作家の宮部みゆき、「日本がどんな国か伝えたい」

宮部みゆきと海外で出版されている宮部作品 2007/12/13 ロイターが伝えるところによると、スティーヴン・キングのファンで、キング作品の影響を受けた作品を何作か執筆している日本の作家である宮部みゆきは、「魔術はささやく」の英語版「The Devil's Whisper」が欧米で出版された事に関して、ロイターのインタビューに答えた模様。

作家の宮部みゆき、「日本がどんな国か伝えたい」

英訳本が出版されている宮部みゆきの作品は次の通り。

「The Devil's Whisper」(「魔術はささやく」)
「Brave Story」(「ブレイブ・ストーリー」)
「Crossfire」(「クロスファイア」)
「Shadow Family」(「R.P.G.」)
「All She Was Worth」(「火車」)

「クロスファイア」 ところで、英訳本が出版されている作品のうち、「クロスファイア」は、スティーヴン・キングの「ファイアスターター」の影響を多分に受けているし、また「ブレイブ・ストーリー」も同様に「タリスマン」の影響を受けていることは否定できない。

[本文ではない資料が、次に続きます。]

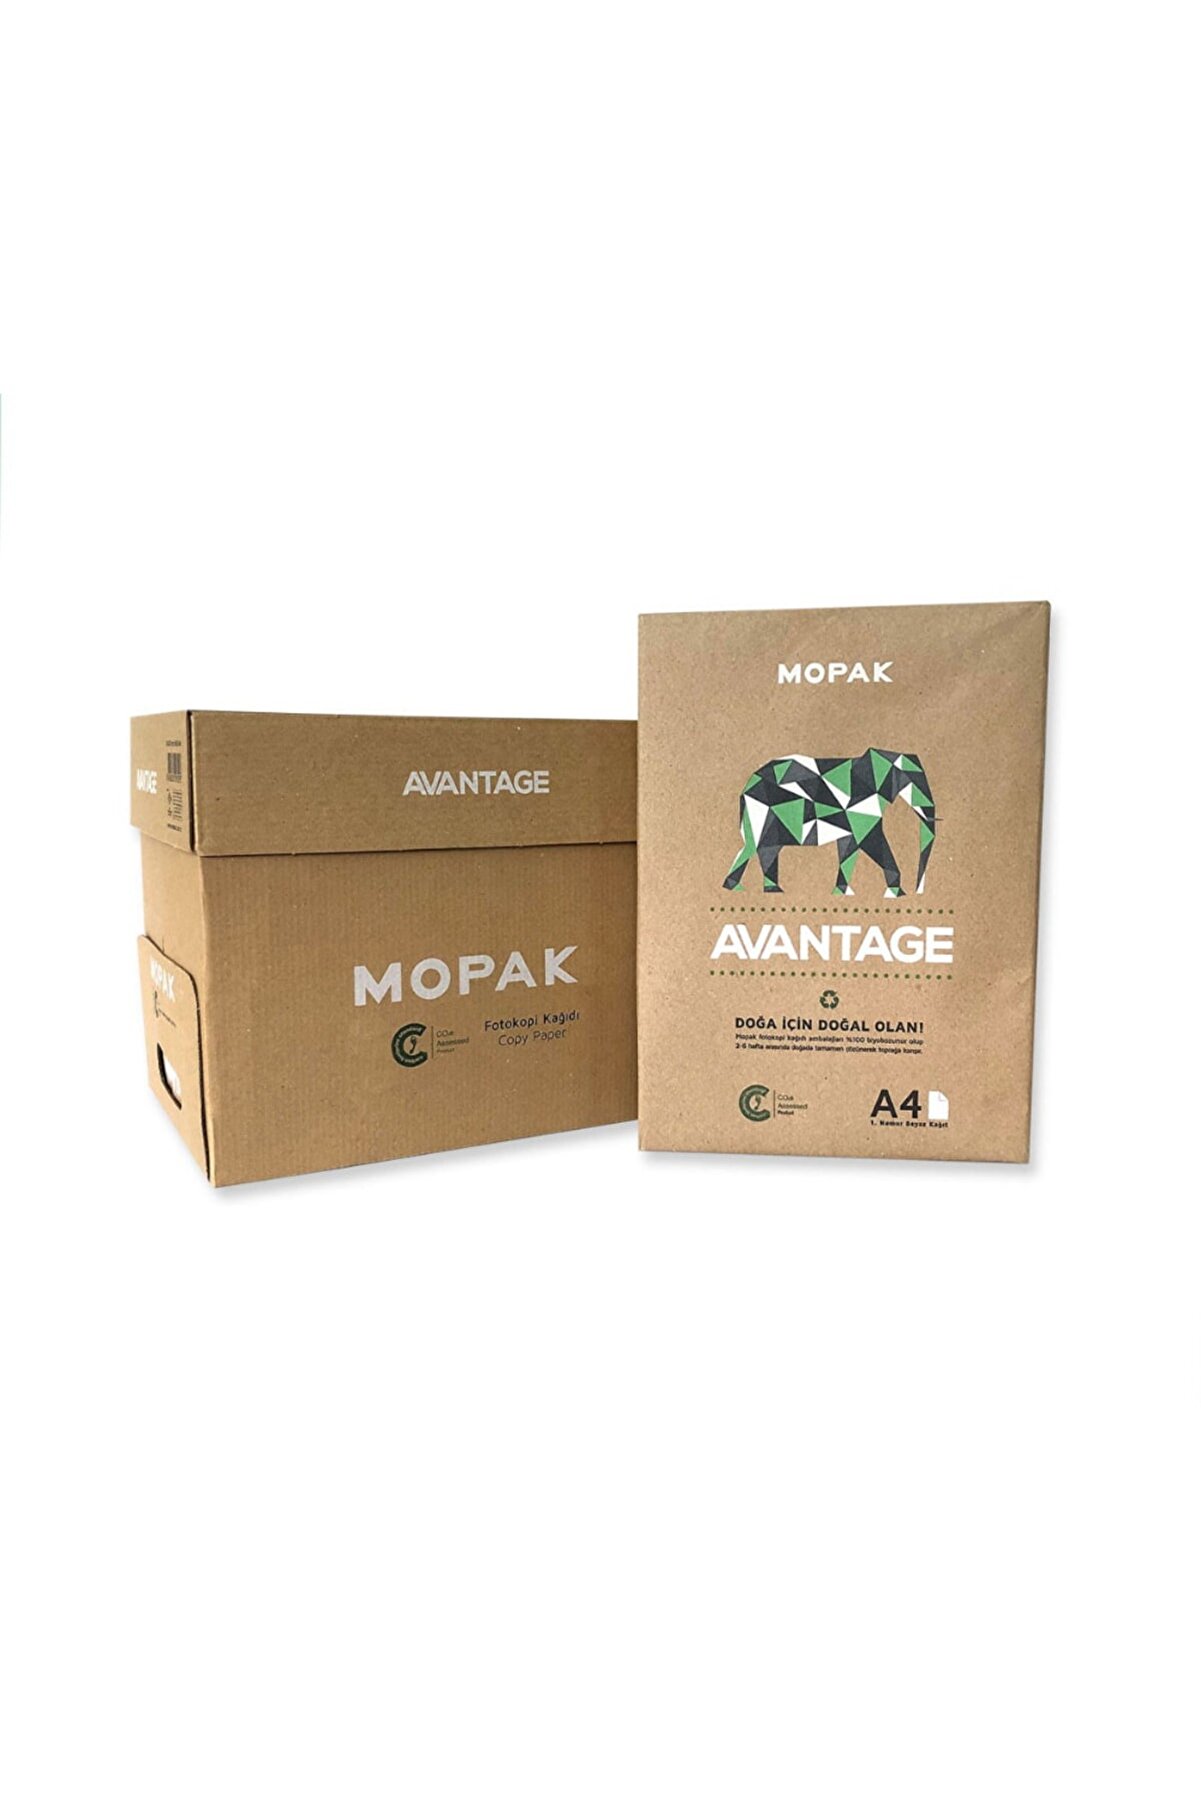 Mopak Avantage Ofis A4 Fotokopi Kağıdı 1 Koli 5 Paket

宮部みゆきに対するキングの影響については、やまももさんの「私の宮部みゆき論」「宮部語録に見る宮部みゆき(完)」「Q6.宮部作品とスティーヴン・キング作品との関わりついて」が詳しいので、参照いただきたい。

「Q6.宮部作品とスティーヴン・キング作品との関わりついて」

宮部みゆきは、自作でスティーヴン・キング作品をパクっているのではないか、と言う批判や議論もあることはあるのだが、宮部みゆきの作品は、仮にパクリだとしても作品として見事に成立しているし、元ネタとは異なったベクトルで題材を昇華させることに成功している。

例えばキングがブラム・ストーカーの「ドラキュラ」や、ジョン・スタインベックの「ハツカネズミと人間」等、様々な文学作品の影響を受けているのと同様なのだと思う。

余談だけど、わたしは個人的に宮部みゆき作品を20冊位読んでいますし、好きな作家の一人です。